Squat
These exercises are good for your legs, buttocks, and flexibility. Pay attention to your exercise posture to avoid putting too much pressure on your knees.
Stand up straight with your feet shoulder-width apart. Stretch your arms outwards or place your hands on your hips. Bend your knees and hips to lower yourself into a squat position.
Lower your body until your thighs are parallel to the floor. Press on your heels to stand up. Do 3 sets of 12 to 15 reps.
Together
Stand up straight, with your feet parallel and hip-width apart. Step one foot forward. Bring your hands to your hips.
Tighten your core as you bend your knees, lowering them to form a 90-degree curve at both your legs. Keep your upper body straight. Press on your front heel to stand up. Do 3 sets of 10 reps on each side.
Push the dumbbells over your Head
Stand up straight, holding a dumbbell in each hand at shoulder level, palms facing inwards.
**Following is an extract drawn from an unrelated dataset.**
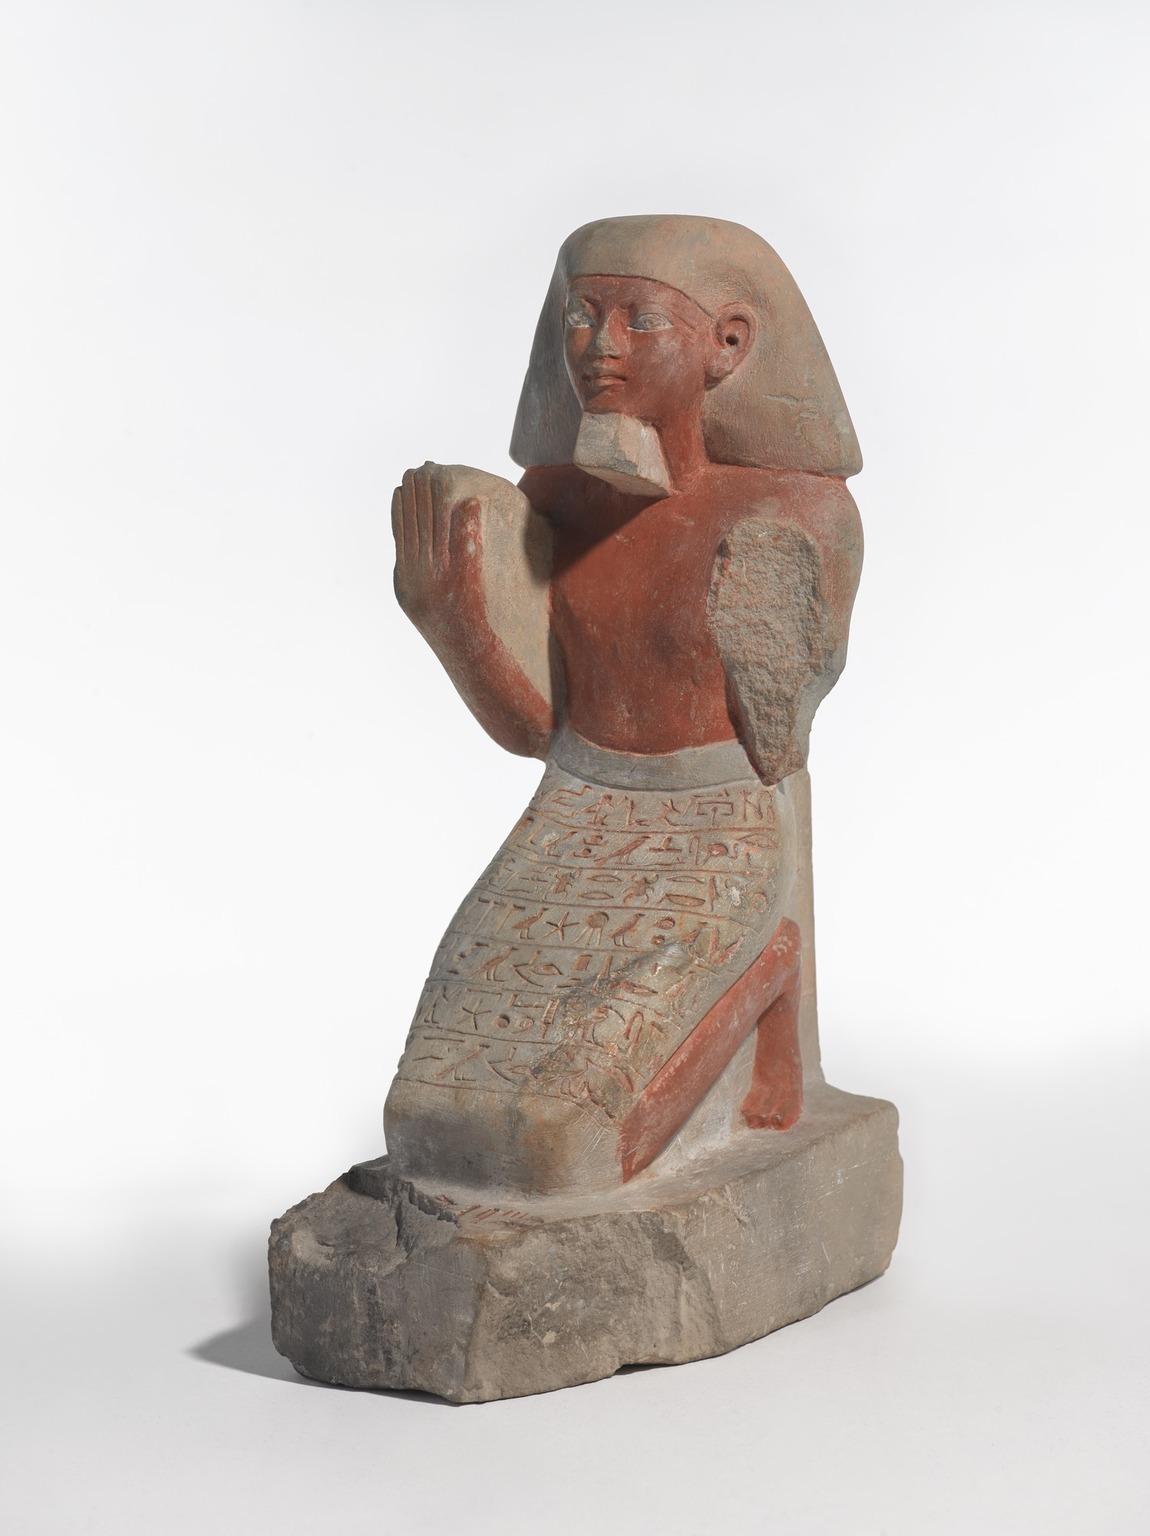 Любопытной Варваре на базаре нос оторвали, или Почему египетским статуям перекрывали дыхание? загадки,история,мир,слухи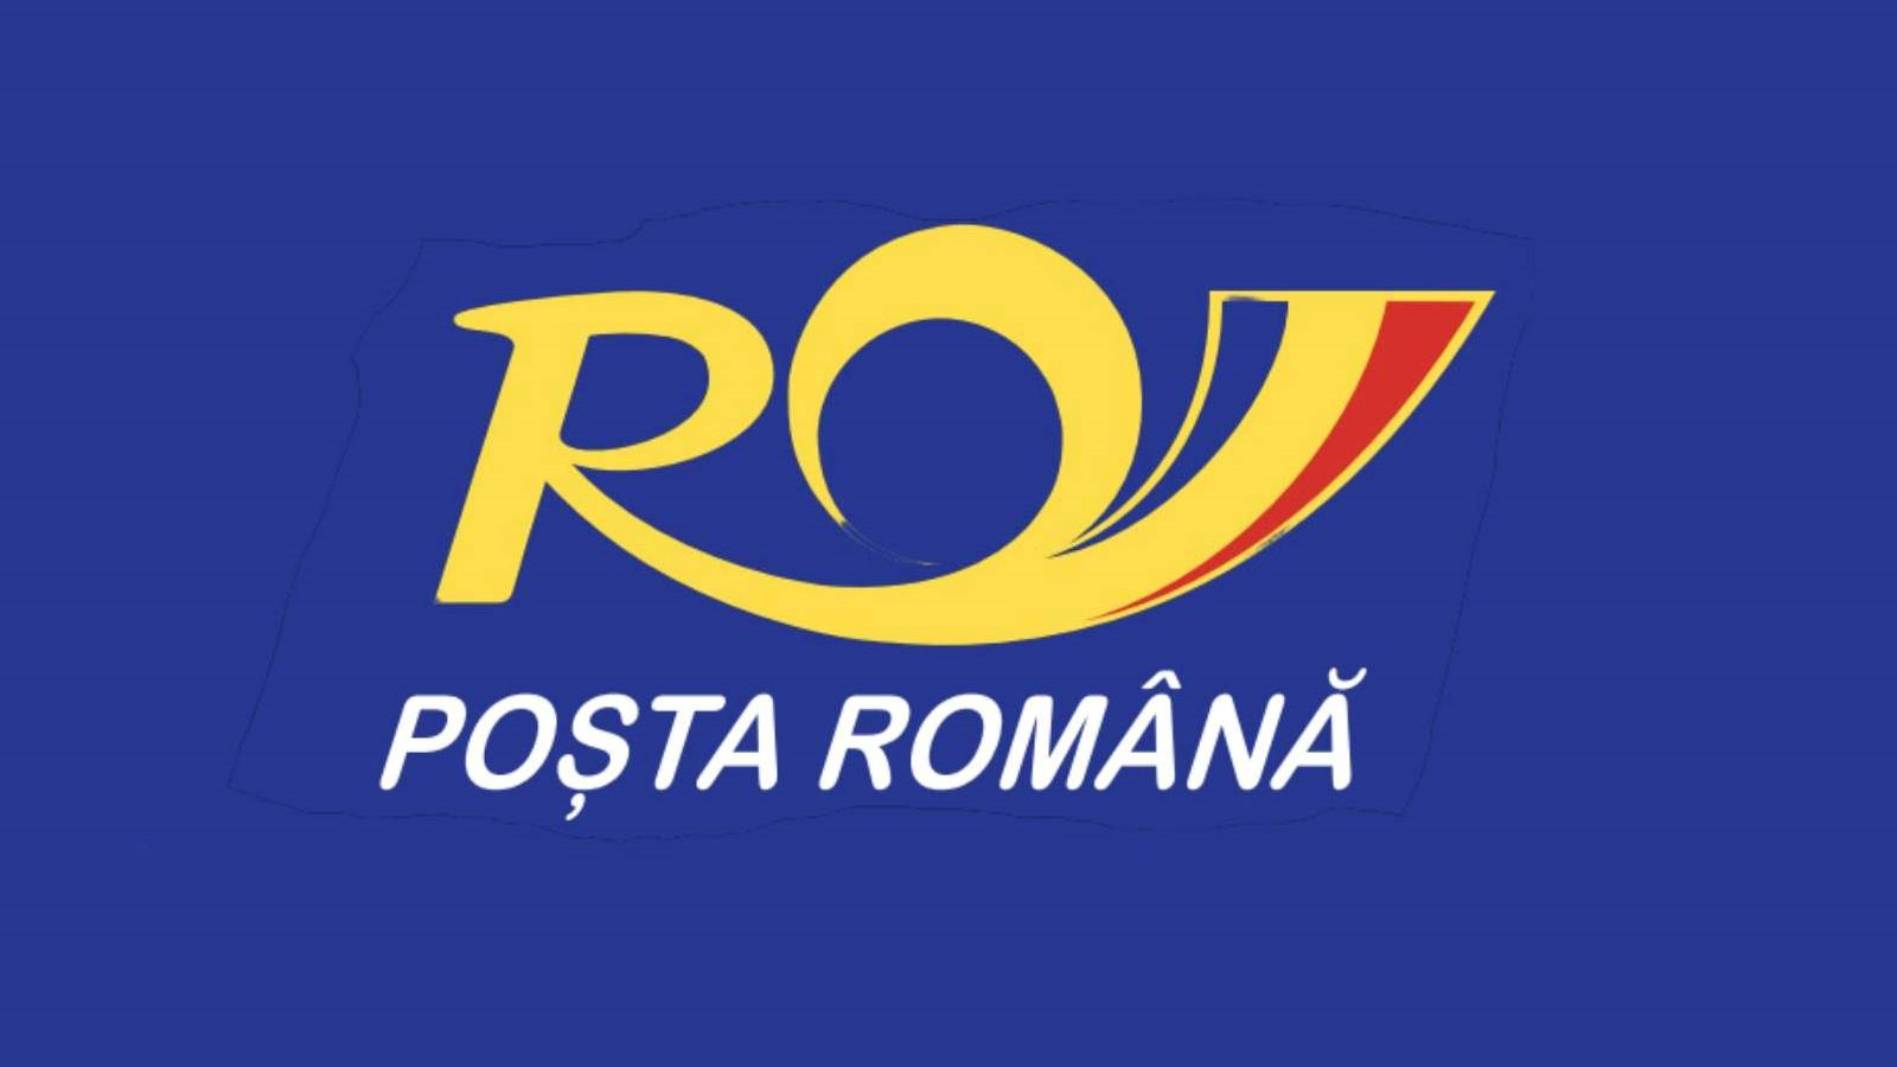 Rumänsk postlösning officiellt tillkännagiven för MILJONER rumäner

Push the dumbbells over your head, stretching your arms out. Then, lower the dumbbells across your shoulders in a controlled manner. Do 3 sets of 10-12 reps.
Stand raising your calves
This exercise is good for calves, ankles and balance.
Stand up straight with your feet hip-width apart. Stand at the top of your toes. Hold the upper position for a while, then lower your feet. Tighten your core during exercise to maintain balance. Do 3 sets of 15 reps.